Сочувственно и безнадежно кивнув, они, однако, не двинулись с места. И только Мария, одарив его той же странной улыбкой, бережно положила на белый атлас зеркальце. Он схватил его, едва не выронив, и дрожащими руками приблизил к приоткрытым губам своей златовласой Илушки. Не затуманилось округлое стекло, не помутнела его равнодушная глубина, отразившая попеременно потолок, белый кафель и красные от слез, неузнаваемые глаза поэта. И по тому как никто не сдвинулся с места: ни Мария, ни муж ее Шандор, ни светила науки, Петефи понял, что невозмутимое зеркальце не раз уже касалось этих приоткрытых и все еще розовых губ.
— Как это случилось? — спросил, трудно ворочая распухшим языком.
— Она встала с зарей, — из дальнего далека отозвалась Мария, — вышла в кухню встретить молочницу, но вдруг ахнула, схватилась за сердце и очень медленно опустилась на пол.
— Но вы уверены, что это не летаргический сон? — в который раз воззвал Вахот. — Она не проснется там, в гробу, в темноте? — голос его упал, и глаза расширились, завороженные навязчивым видением.
— Уверены совершенно, — кланяясь, отвечали с привычной грустью медики. — Благоволите послать за священником. А мы здесь, к сожалению, бессильны.
— Она умерла не одна, — покачал головой Петефи. — Вместе с ней отлетела и моя жизнь… Все пусто, бессмысленно…
Потом, стоя над холмиком белой сухой земли, усыпанном цветами и кипарисовыми ветками, он дал себе клятву, что станет приходить сюда ежедневно, что отныне эта скромная могилка на лютеранском кладбище станет его домом, куда он будет приносить, без надежды на утешение, неизбывную свою печаль, свое безответное горе. Впрочем, кто знает, быть может, в шелесте ветра, завившегося на пригорке, в падении осеннего листа или в шуме дождя, подмывающего старые склепы, он и услышит какой-то ответ? Различит слабое дуновение той невыразимой экзальтации, которую порождает любовь? Особенно такая, угасшая на пути к зениту, не успевшая разгореться.
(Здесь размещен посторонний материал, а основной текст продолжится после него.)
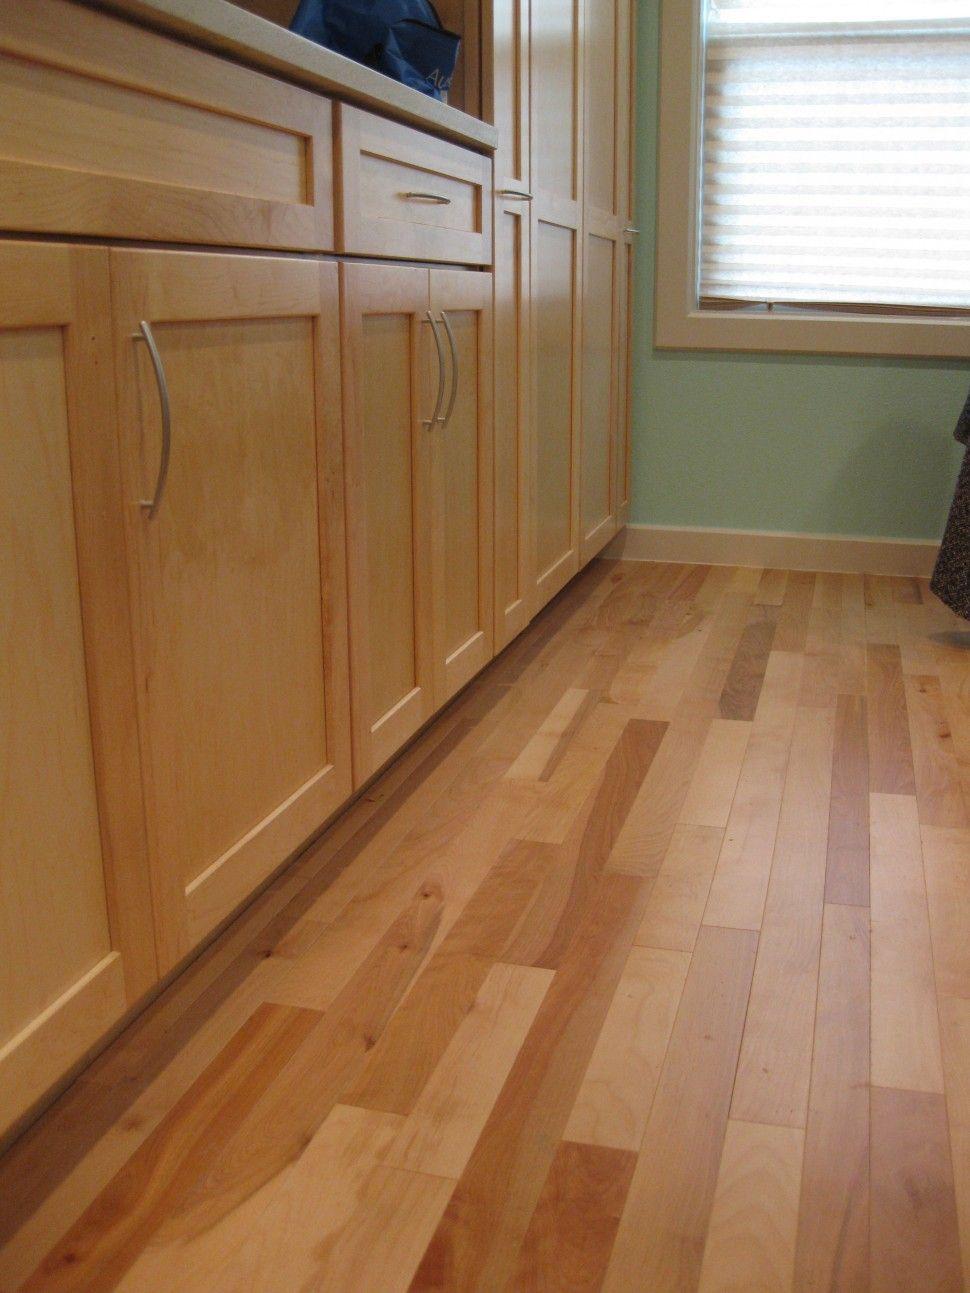 Wood Tiles DecorationsRubber Floor Linoleum flooring
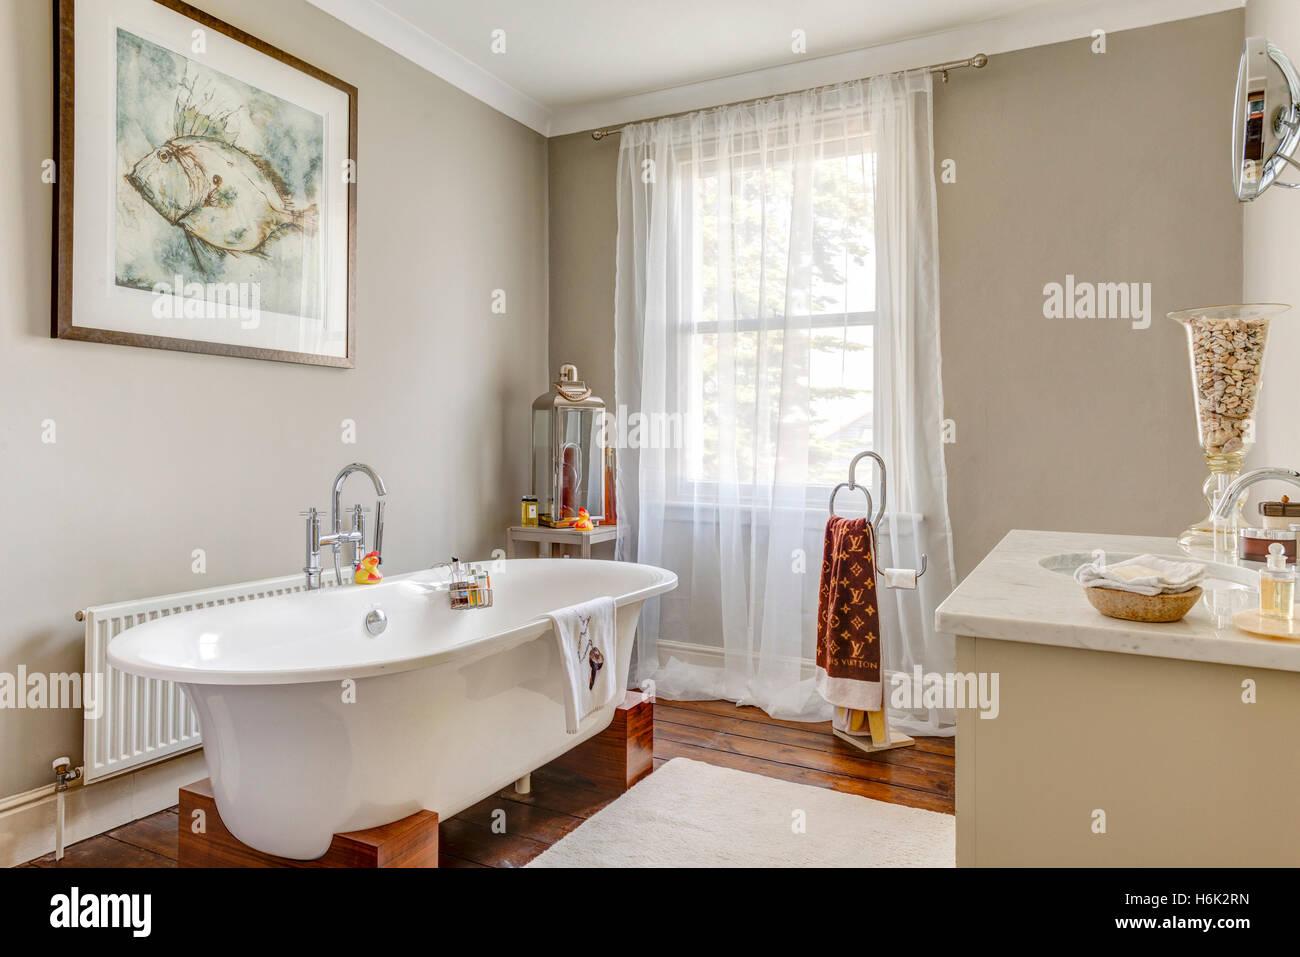 Salle De Bain Victorienne ~ dans une salle de bains l gante villa victorienne modernis e dans

С запоздалым упорством он убеждал себя в том, что с этой нерасцветшей любовью для него кончается все. Словно стремился возместить обделенной тени то, что было предназначено для живой. И такова была сила самовнушения, что верность мертвой заслонила память живой. Робкая, нерешительная влюбленность обернулась вдруг изнурительной, исступленной страстью без утоления и исхода. Любому другому это бы грозило безумием, распадом и смертью души. Но участь поэта — особая участь. Как Орфею, как Данте, суждено ему ожечь душу не только звездным, но и подземным огнем. В иные времена это понимали метафорически, в романтические сороковые годы — буквально.
Муза протаскивала избранника через ад, и он покорно следовал своему высокому и мучительному предназначению.